Re-use of standard library across implementations

windelbouwman · July 28, 2019, 7:35pm

Hi all,

As a rustpython developer, I would like to be able to share parts of the python standard library in an easy way. We are now in the process of copying libraries from the cpython sourcecode base into our source repository, but this has a clear downside in that the libraries will get out of sync eventually.

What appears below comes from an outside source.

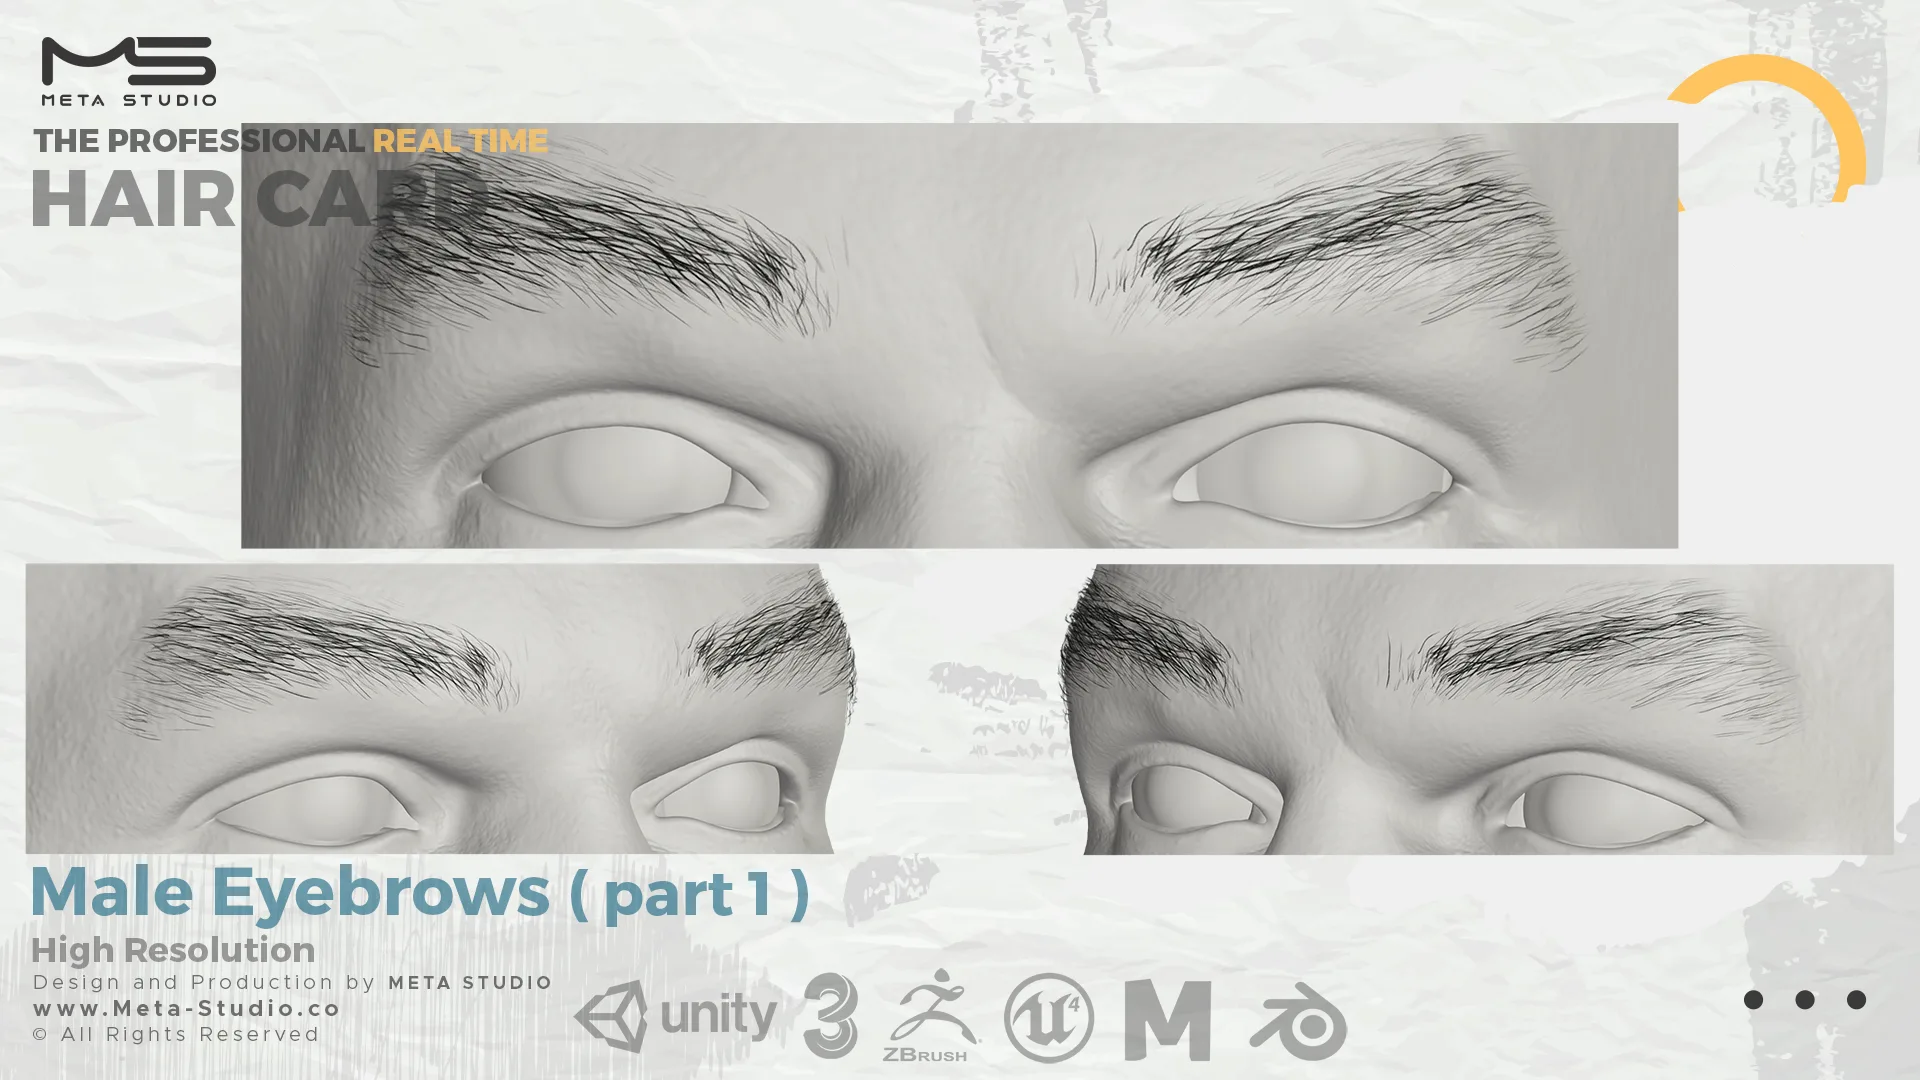 60 Men's and Women's Eyebrows (Bundle) Realtime Hair cards - 50% OFF

I drew a schematic of a possible solution to this. This involves splitting the standard library, as it is now, into several subfolders which contain the different layers of the standard library.

Image:

The idea is to split the Lib folder into several seperate folders. This way, the standard library folder can be shared easily. The halfling modules are still manual work, since they are implemented in half python, half X, where X is the implementation language of choice.

Furthermore, we might want to seperate the standard library in so called good, bad and ugly folders. This idea is from gstreamer, where they have grouped plugins in this manner. We could move the old and deprecated modules into the ugly folder.

I’m curious to your opinions on this idea! Feedback more then welcome.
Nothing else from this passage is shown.